LE MEILLEUR DECHET EST CELUI QUI N’EXISTE PAS !

Les Français sont de gros producteurs de déchets : 590 kg de déchets par an et par habitant qui se retrouvent dans nos poubelles et conteneurs de tri (390 kg) et dans les déchetteries (200 kg). C’est deux fois plus qu’il y a 40 ans.

 
 
Ceci génère évidemment de gros problèmes de collectes et surtout de traitement que ce soit en terme de coût (le montant de certaines taxes ou redevances d’ordures ménagères sont aujourd’hui plus élevées que celui des taxes foncières) mais aussi en terme de cadre de vie : peu de gens sont enchantés d’habiter près d’un incinérateur ou d’un centre d’enfouissement.
 
Tout ceci doit nous inciter à plus de sobriété vis-à-vis de comportements qui traduisent de manière très directe les relations que nous entretenons avec notre environnement (dis-moi ce que tu produis comme déchets et je te dirai qui tu es).
 
Au-delà du tri sélectif (en porte à porte ou à la déchetterie) qui permet de donner une seconde vie à certains déchets (mais à quels coûts ?) Il est donc primordial de réduire de façon conséquente les quantités de déchets que nous produisons.
 
Des gestes de prévention tels que le compostage domestique, l’évitement du gaspillage alimentaire, la limitation des impressions bureautiques et des photocopies permettraient de réduire les déchets de 150 kg par habitant et par an.
 
 
 
  •  
    Bien acheter et s'équiper, c’est se procurer des produits neufs ou d'occasion dont on a besoin en les acquérant mais aussi en les empruntant ou en les louant. C'est penser «déchet » dès l’achat de votre produit. Adopter quelques réflexes simples vous permettra de faire les bons choix.
     
    Avant de penser "achat", pensez à emprunter ou à louer
     
    Si vous n'utilisez certains équipements qu'occasionnellement, il est préférable de les louer ou de les emprunter. Par exemple, du matériel de bricolage (scie électrique, décolleuse de papier peint...).

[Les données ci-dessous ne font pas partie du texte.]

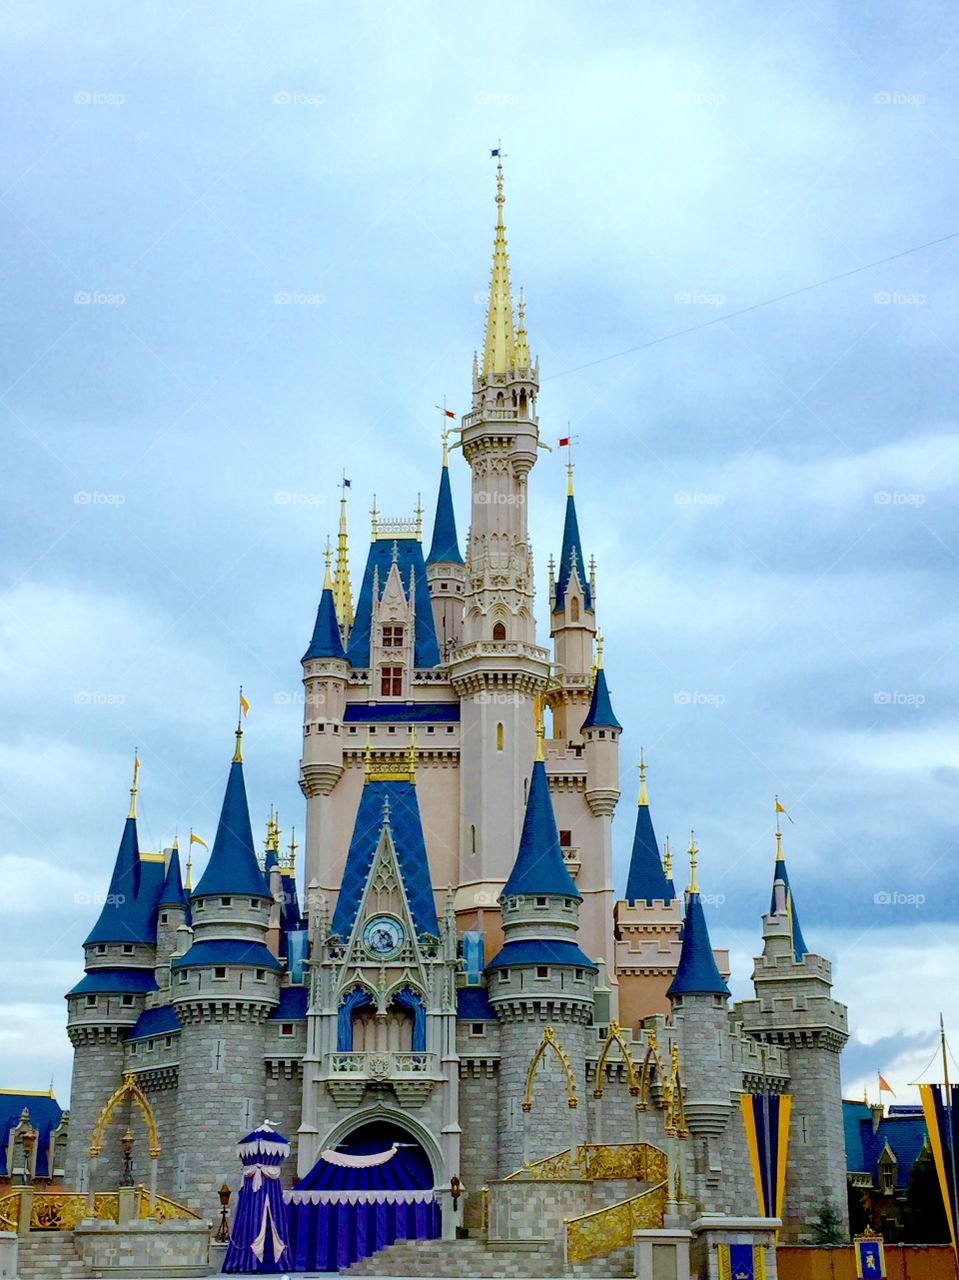 Disney World Castle. Cinderella's Castle

    Achetez seulement ce dont vous avez besoin
     
    Attention à ne pas acheter en trop grande quantité ou avec des dates de consommation très courtes. Trop de produits finissent à la poubelle car les dates de péremption sont dépassées.
    Evitez d’acheter des produits à usage unique : lingettes, vaisselle en carton…
    • Privilégiez la vaisselle réutilisable (verre, porcelaine...) plutôt que la vaisselle à usage unique (en carton ou plastique) même pour des fêtes.
    • Le papier essuie-tout est bien pratique, mais réapprenons à utiliser d’abord éponge, torchon ou chiffon. De même pour nettoyer, utilisons un produit adapté et correctement dosé plutôt que des lingettes d’entretien.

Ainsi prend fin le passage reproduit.